Friday was a kind of coming out for the Arab-Americans of South Paterson, which has one of the largest concentrations of Arabs in the country. In the days after Sept. 11, Arab storeowners here so deliberately displayed their American allegiance that one businessman said, "It's a contest: Whose flag is bigger?"
But on Friday, the biggest flags on the south end of Main Street were Palestinian. After the rally, young men waved them with abandon, as if to announce that they were back, as Arabs as well as Americans.
"You have to let your frustration and your message out somehow," said Sami Merhi.
Mr. Merhi embodies his fellow Arab-Americans' frustration and message, however complex and contradictory it might sound after Sept. 11.
He came to the United States from Lebanon 28 years ago and prospered as a businessman. He's president of a hospital for the elderly run by Passaic County and he's pals with the movers in both the Arab community and the local government. He's Sami to Arabs and simply Sam to everyone else.
It was Mr. Merhi, 53, who organized the dinner on Friday for Representative William Pascrell, which drew about 250 people.
Mr. Merhi's bond with America grew hideously stronger on Sept. 11. His godson, a financial trader, vanished in the attack.

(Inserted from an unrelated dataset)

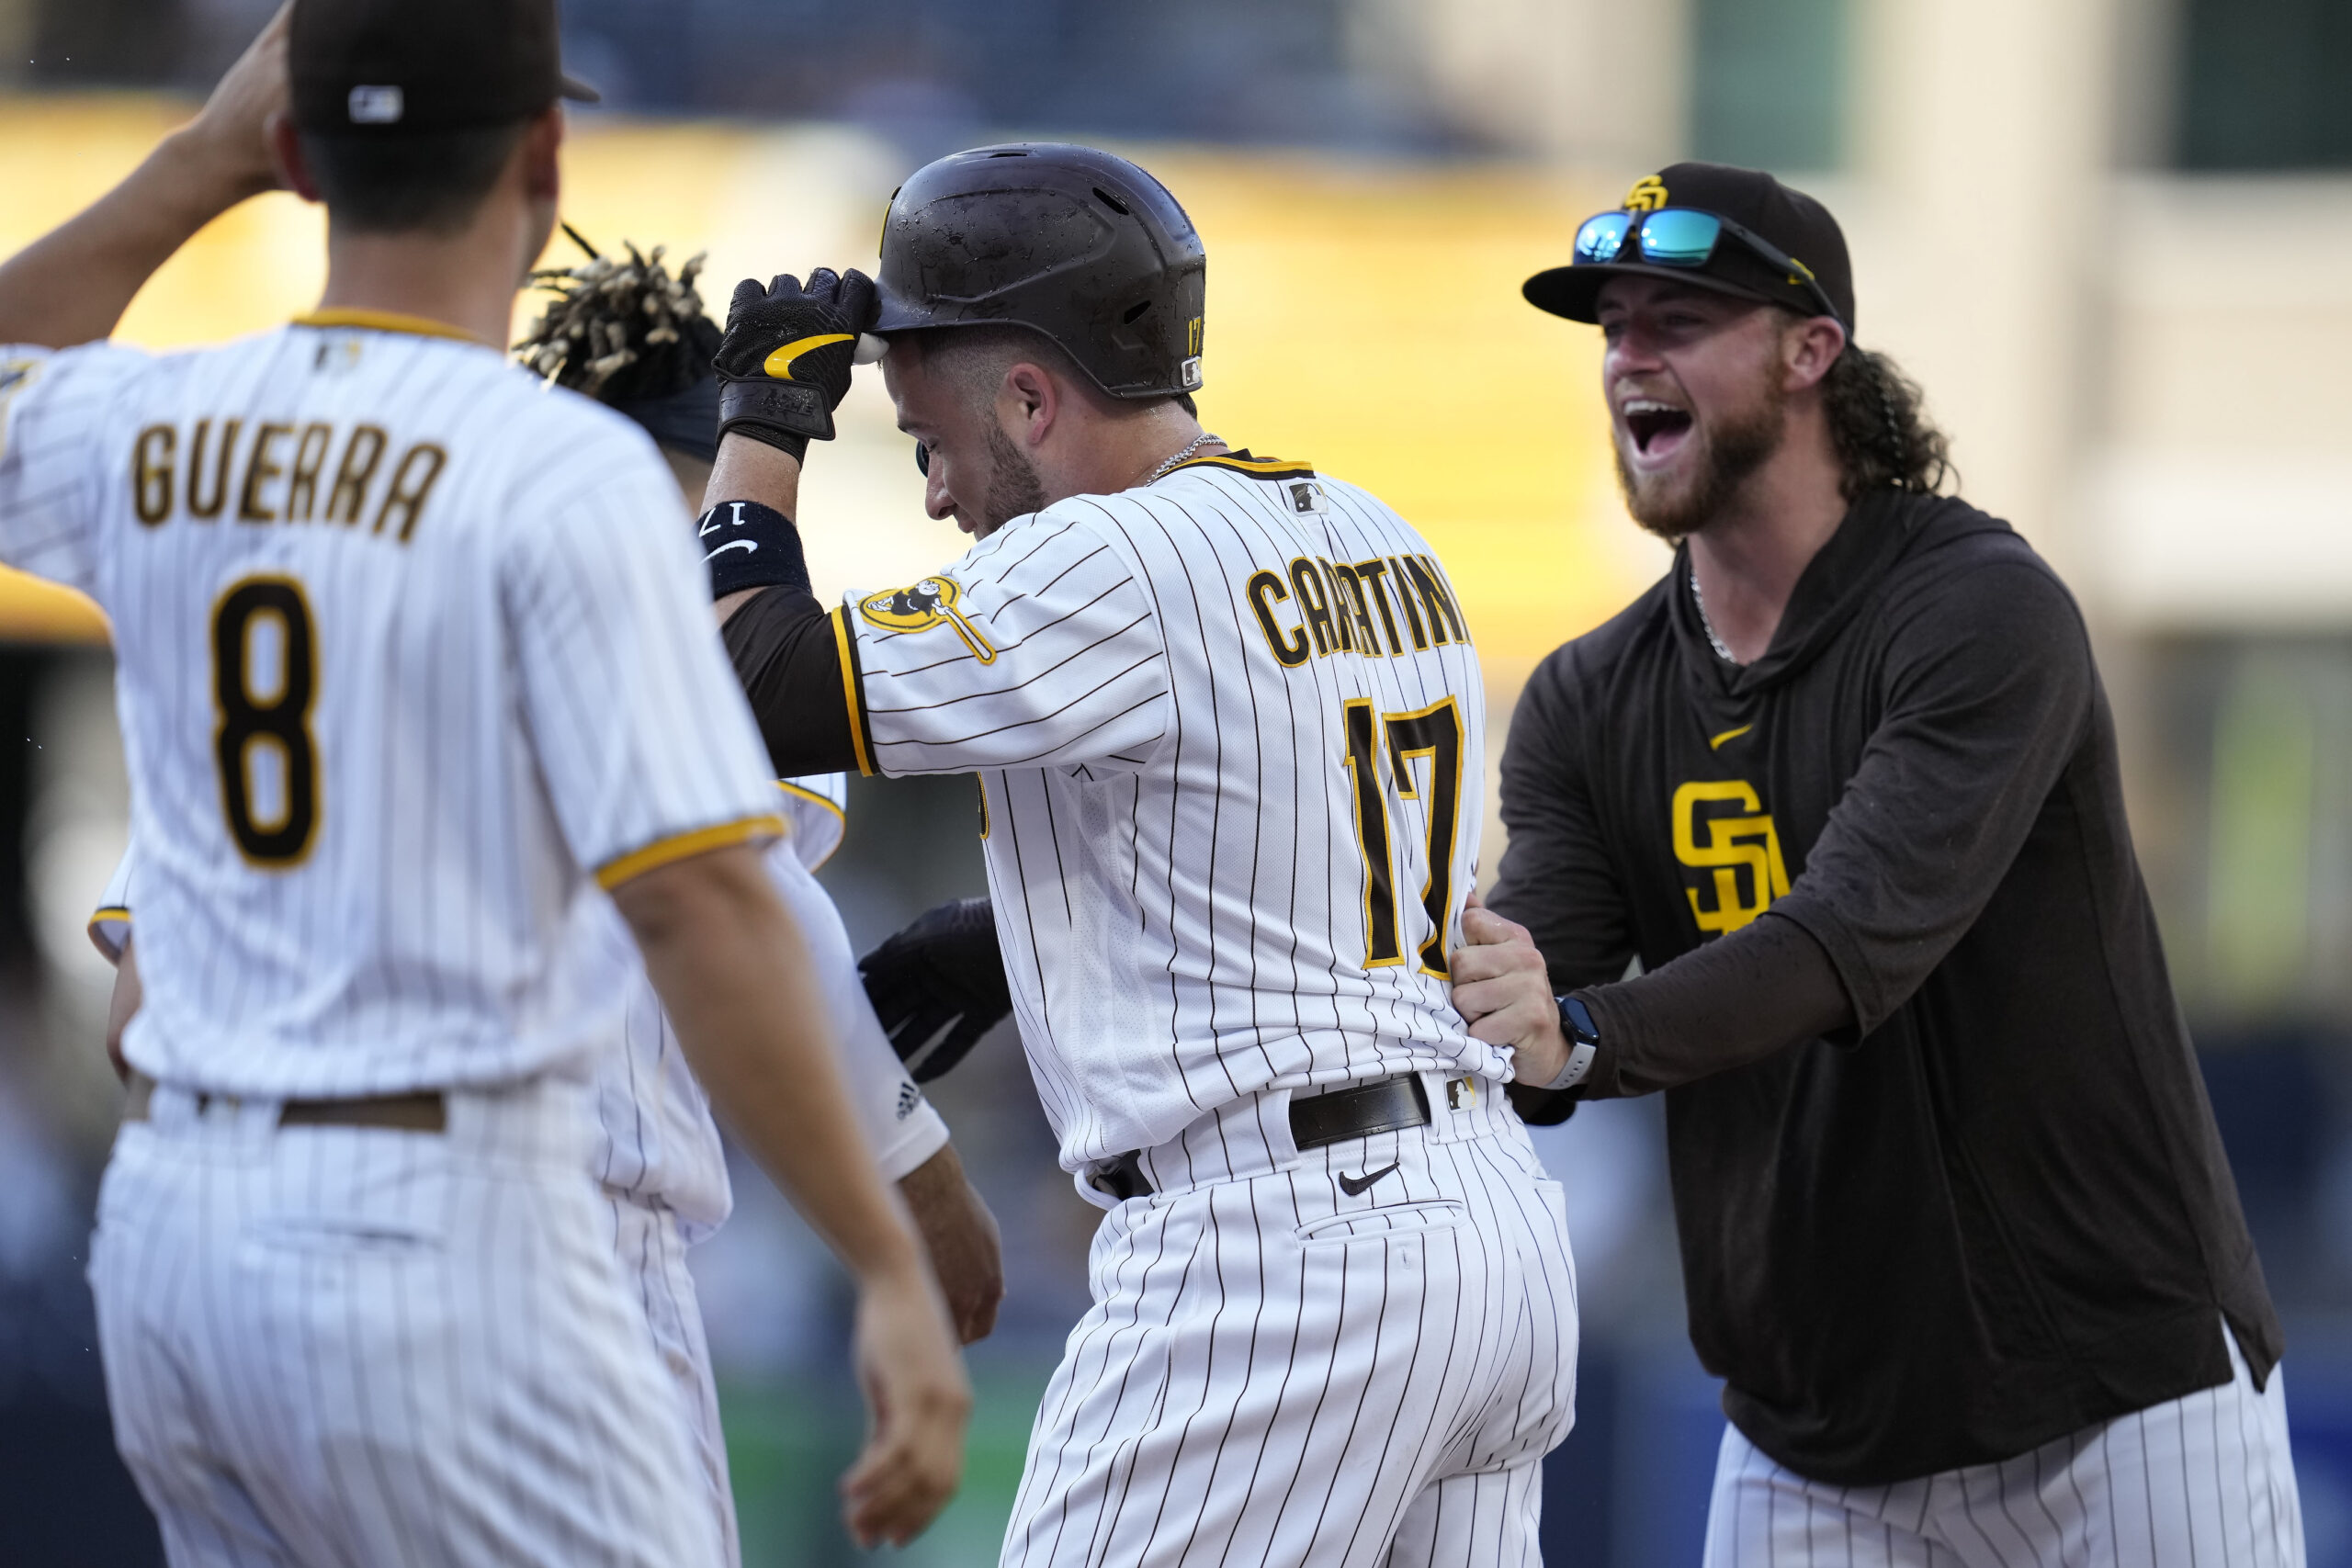 Mark Melancon gives up walk-off home run in Giants' loss

"They are coldblooded murderers and things I can't say to you on paper," Mr. Merhi, wearing a tie in the design of an American flag, said of the suicide hijackers. "Crazy fanatics. They're as far from God and Islam as hell itself." But asked if these feelings extend to the Palestinian suicide bombers, whom the United States asks the world to condemn, Mr. Merhi said, "I can't see the comparison."
Over lunch at a Lebanese restaurant, he told of a would-be suicide bomber who, after being captured by the Israelis, explained his intended act as an inevitable response to a life under Israeli occupation. "I think he spoke for everybody," Mr. Merhi said.
Along Main Street here, everyone has an analogy to explain the bombers. "I'm a pharmacist," said Amjad Abukwaik. "If someone came to me and says, `I have a migraine,' I don't tell them to take an aspirin. I would ask what caused this. I would go into their family background. What's their cultural and economic background? Suicide bombing is wrong, but why does it happen?"
Mr. Merhi attended the rally on Friday, but only briefly. "I like to speak to people's minds, not to the air," he said. "So what if I say Sharon is Hitler? What does this change?"
Mr. Merhi's forum was the evening fund-raiser. It was a classic political affair, overflowing with food and speeches. An Arab-American medical association presented a $20,000 check to a fund for children of Sept. 11 victims. On the surface, there was no obvious tension within the hyphenated identities of the dinner guests.
But then Mr. Merhi rose to introduce Representative Pascrell. Speaking without notes, Mr. Merhi faulted American foreign policy for allowing Osama bin Laden to take root in Afghanistan, and denounced the long detention of Arab-Americans after Sept. 11.
Moving to the Middle East, he condemned "violence, whether it's committed by a person, a group or a state," and praised Israelis and Palestinians working for peace. Then he told the tale of the captured would-be bomber. "Since I'm dead while I'm still alive," Mr. Merhi said the man told the Israelis, "I decided I'm going to take you with me."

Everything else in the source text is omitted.